Re: Re: Re: [GZG] Revised Salvo Missiles Update
From: Oerjan Ariander <oerjan.ariander@t...>
Date: Thu, 22 Jun 2006 18:49:59 +0200
Subject: Re: Re: Re: [GZG] Revised Salvo Missiles Update
John Tailby wrote:
>Why would range of engagement with a missile affect it's chance of a
>hit? I can see situations where missiles have a harder chance locking
on
>up close than they do at a distance. Missile chance to hit would likely
be
>a function of sensor lock from parent ship - ECM with distance a
neutral
>factor.
In reality, you mean? The longer the missile has to fly to reach its
target
the more time the target's ECM has to break its target lock and/or
simply
outmanoeuvre the missile; and the farther away the the missile's parent
ship is from the target, the greater the time lag on its sensor returns
becomes and the less up-to-date the targetting data the parent ship can
send to the missile will be. Distance is far from neutral for missile
engagements.
>What feel do you want with your missiles?

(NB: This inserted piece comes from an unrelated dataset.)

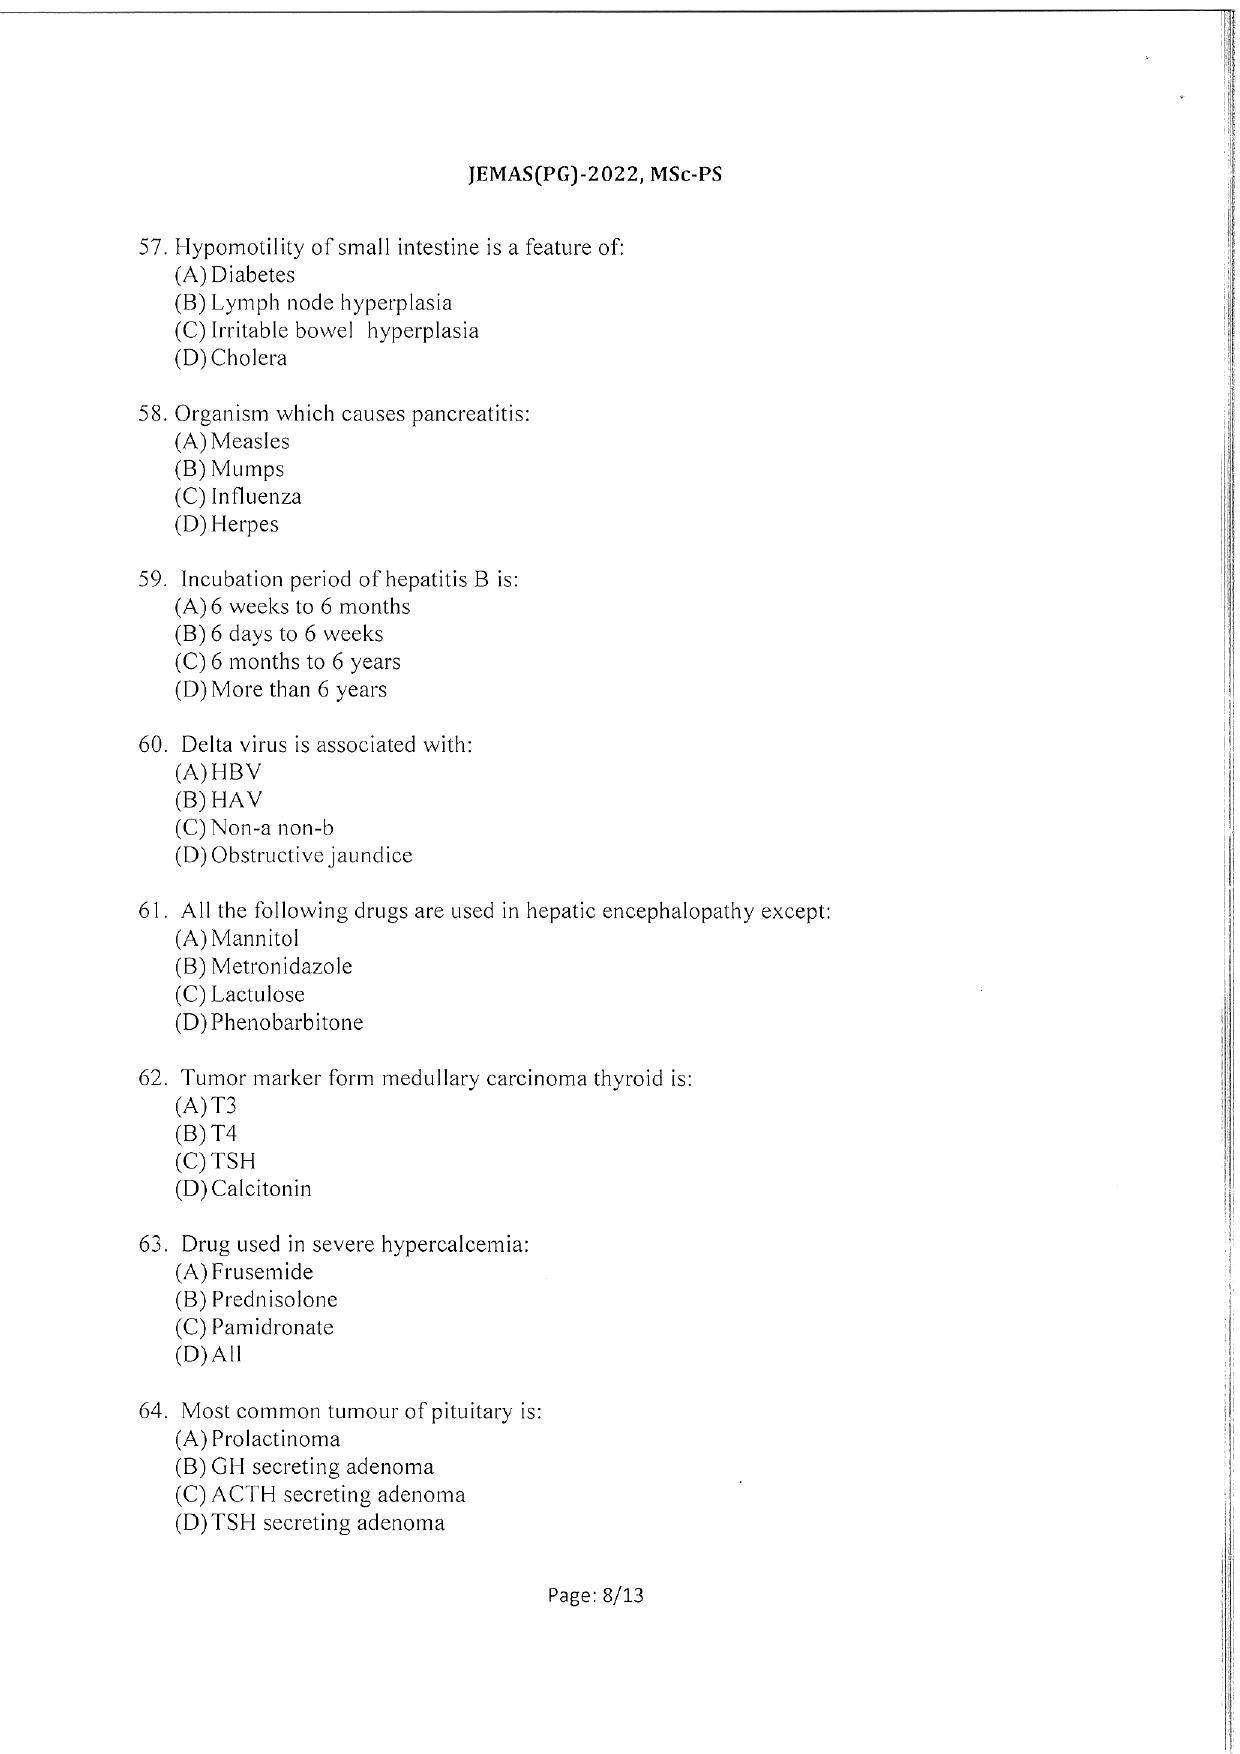 WBJEEB JEMAS (PG) 2022 MSc PS Question Paper - Page 10

>If you use a couple of 20 century models as examples.
>If you want the game to feel like 20C naval warfare then your missile
>speed / engagement envelope needs to be much larger than the speed of
the
>ships. Missiles lauched today are thousands of times faster than the
speed
>of a warship
Er... if you used a little less hyperbole and shaved a zero or two off
from
that "thousands", your example would probably be more convincing.
A missile "thousands of times faster" than the warship it is targetting
would fly at speeds of Mach 50+ (at sea level, since that's where most
of
today's warships tend to be located). Not even solid anti-tank
projectiles
can fly that fast without melting within a fraction of a second...

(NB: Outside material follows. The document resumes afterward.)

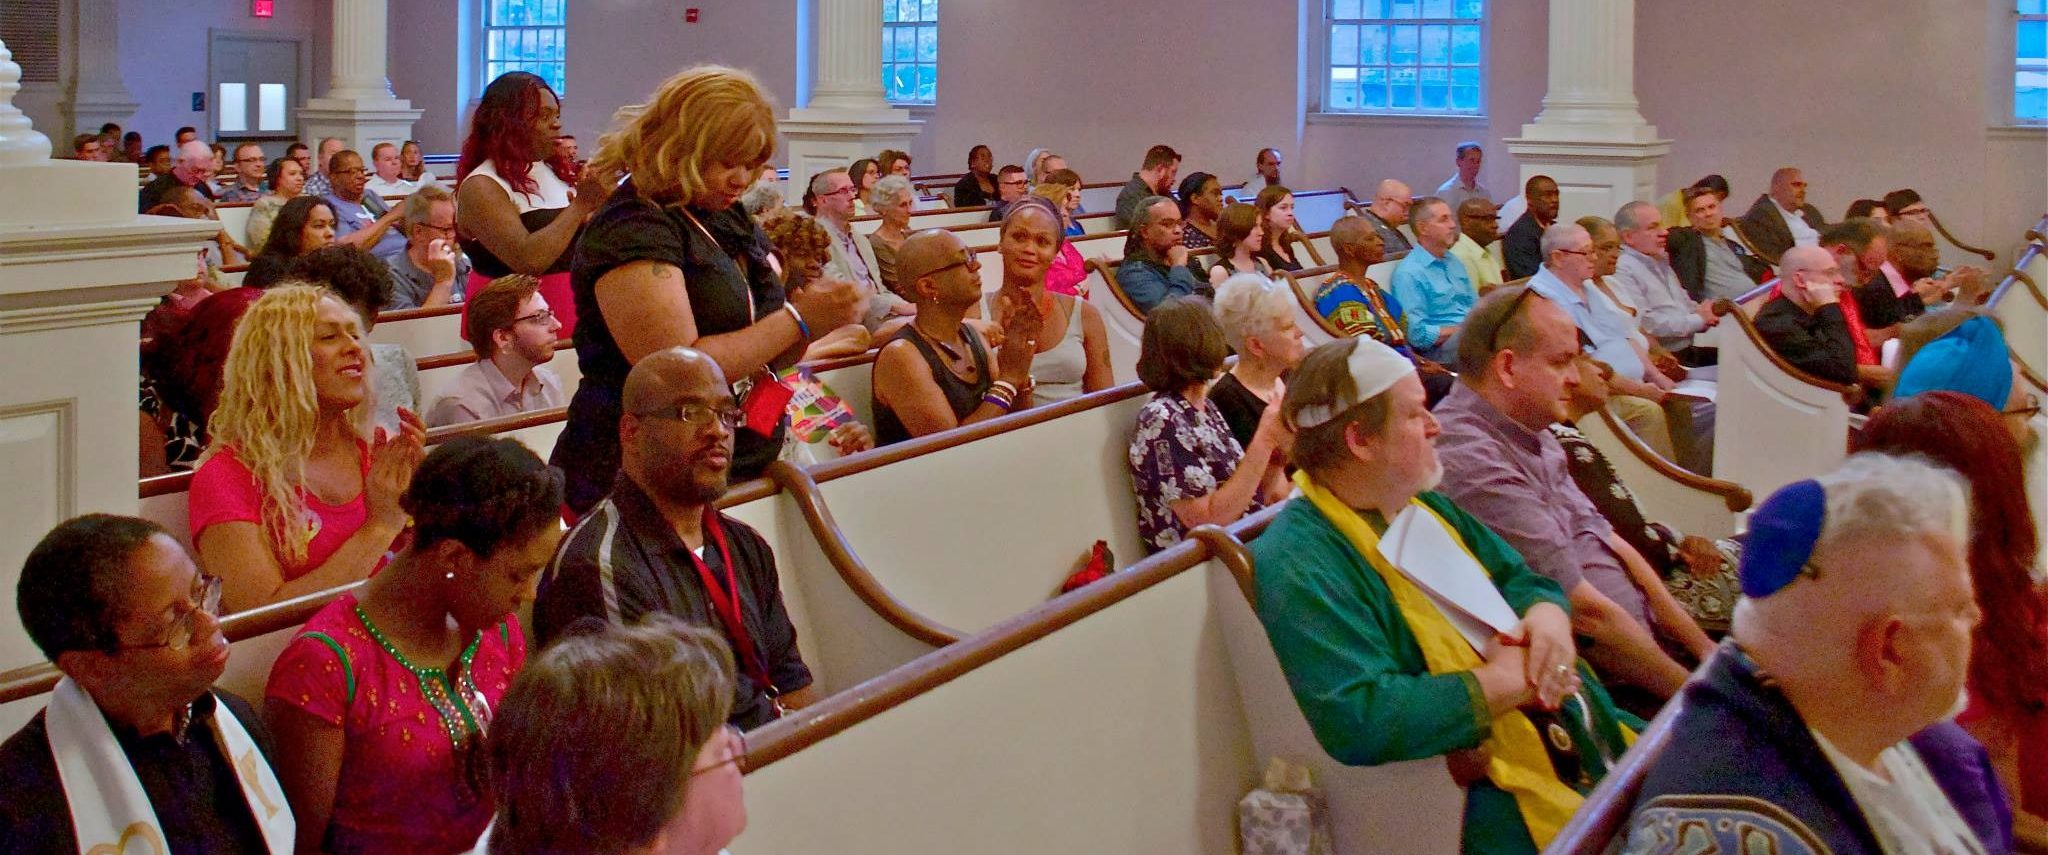 Volunteers Needed for Capital Pride Interfaith Choir

Actual anti-ship missile speeds today are generally in the Mach 0.5 - 3
range; the fastest Russian supersonic ship-killers might go up to Mach
5,
but that's *really* extreme.
IOW, typical missiles today fly 10-50 times faster than the ships they
are
targetting. Still a big difference compared to the anti-air situation
where
missiles could even be *slower* than their would-be targets on occasion,
but the gap to direct-fire weapons is even larger.
Regards,
Oerjan
oerjan.ariander@telia.com
"Life is like a sewer.
What you get out of it, depends on what you put into it."